New South Wales: PKF's Business & Population Monitor found that while population growth in New South Wales had declined since mid-2009, the decline had been less dramatic than in a number of other states. This result is somewhat surprising, given that New South Wales remains the key point of entry of migrants into Australia. In 2008, NSW's population growth rate was only three-quarters of that seen nationally, but now NSW is up to five-sixths of the national rate. NSW also saw a significant reversal in its population outflow to other states. While more people leave NSW to move to other states than move in the opposite direction, the net loss halved in the past year and is currently at its lowest rate since 1985.
The key for the gradual improvements in NSW's relative fortunes has been a significant recovery in its housing sector, which is now growing after falling back since 2005. Retail and business investments spending are the only areas where NSW is losing ground compared to other states.
Victoria: Although Victoria's population increased by around 100,000 people in the past year, it was well below the previous year's increase. Victoria's decline has been driven by falling international migration levels, with a particular problem for the state being its sharp (and ongoing) loss in international student numbers.
Housing starts, housing investment and new motor vehicle registration have all grown relatively strongly thanks to the state's solid economic position. Also, Victoria's recent retail growth was close to its five year average and the fastest rate of growth in retail of any Australian state or territory.
Queensland: Swings in migration levels have been most notable for their impact on Queensland's population growth, whose rate of increase is at a nine-year low. While some initial easing following the global financial crisis (and the compounding woes of the State's tourism sector) was expected, the rebound in the world mining sector and the rising demand for workers in the state has not yet done anything to reverse those declines.
The outperformance on Queensland's population growth versus its Australian equivalent has been halved in the past year alone (in part, largely because as the slowdown has hit, there have been far fewer 'migrants' from the rest of Australia going north).
Looking at Queensland's economy, housing indicators are the only positive to emerge over the last 12 months.

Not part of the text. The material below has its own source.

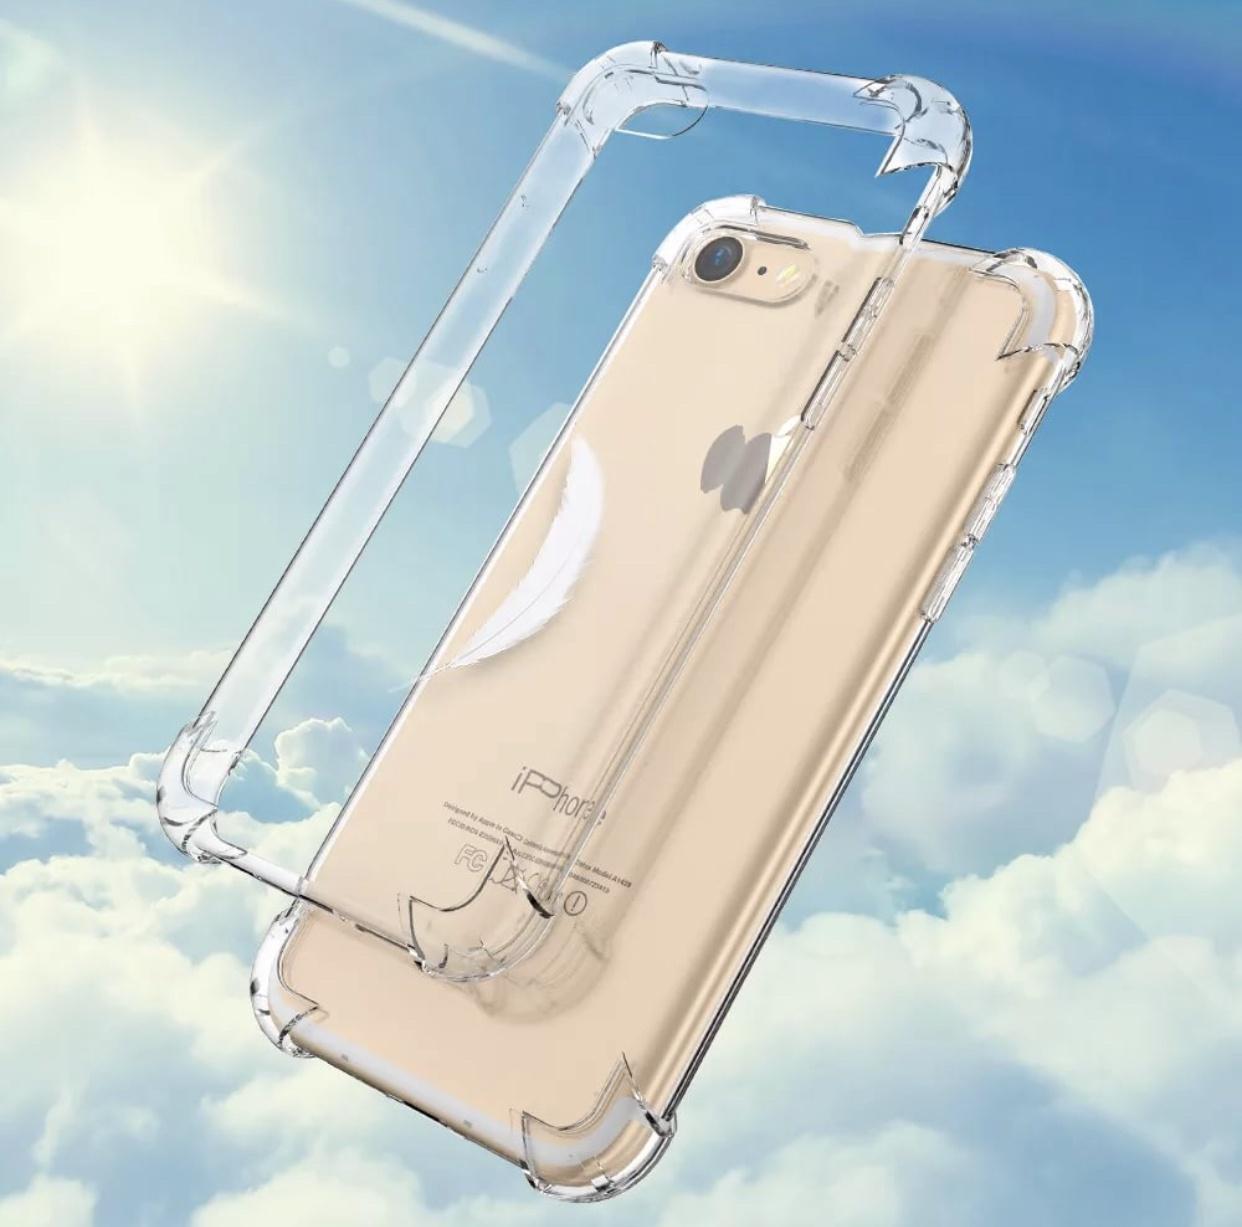 Чехол для сотового телефона Markclub@Hoco Силиконовый чехол Markclub для iPhone 6 прозрачный, СT-2016 caterpillar active signature противоударный чехол для iphone 6

Business investment has particularly suffered, along with retail sales, which leaves output growth in the past year below the state's recent average.
Western Australia: Western Australia's population growth stalled fairly dramatically across 2009, but the labour requirements of the renewed mining boom may already be heralding a turnaround in the state's fortunes. While that may sound like some relief for SMEs, many could soon face a return to the scarce labour availability of 2007 and 2008. However, chances are that any recovery in population growth will be lagging that in employment demand, and the risk of skill shortages biting very hard in the next two years is considerable.
WA's boom is starting to fire up once more as a quarter of a trillion dollars in resource and other investment projects try to jostle their way to the front of the queue in a state where one third of businesses are already complaining that labour is 'scarce'. That means the other yawning gap WA has to deal with is that between the intent of businesses to expand capacity versus available capacity for them to achieve that increase.
Housing starts and new motor vehicle registrations are the biggest contributors to growth for the state; however, growth in housing investment is below its long-term average. This indicates that while new houses are being built, little is being spent on renovating existing homes. Business investment has also fallen away significantly after experiencing very high growth rates over the last five years due to the mining booms in the Pilbara and Kalgoorlie regions.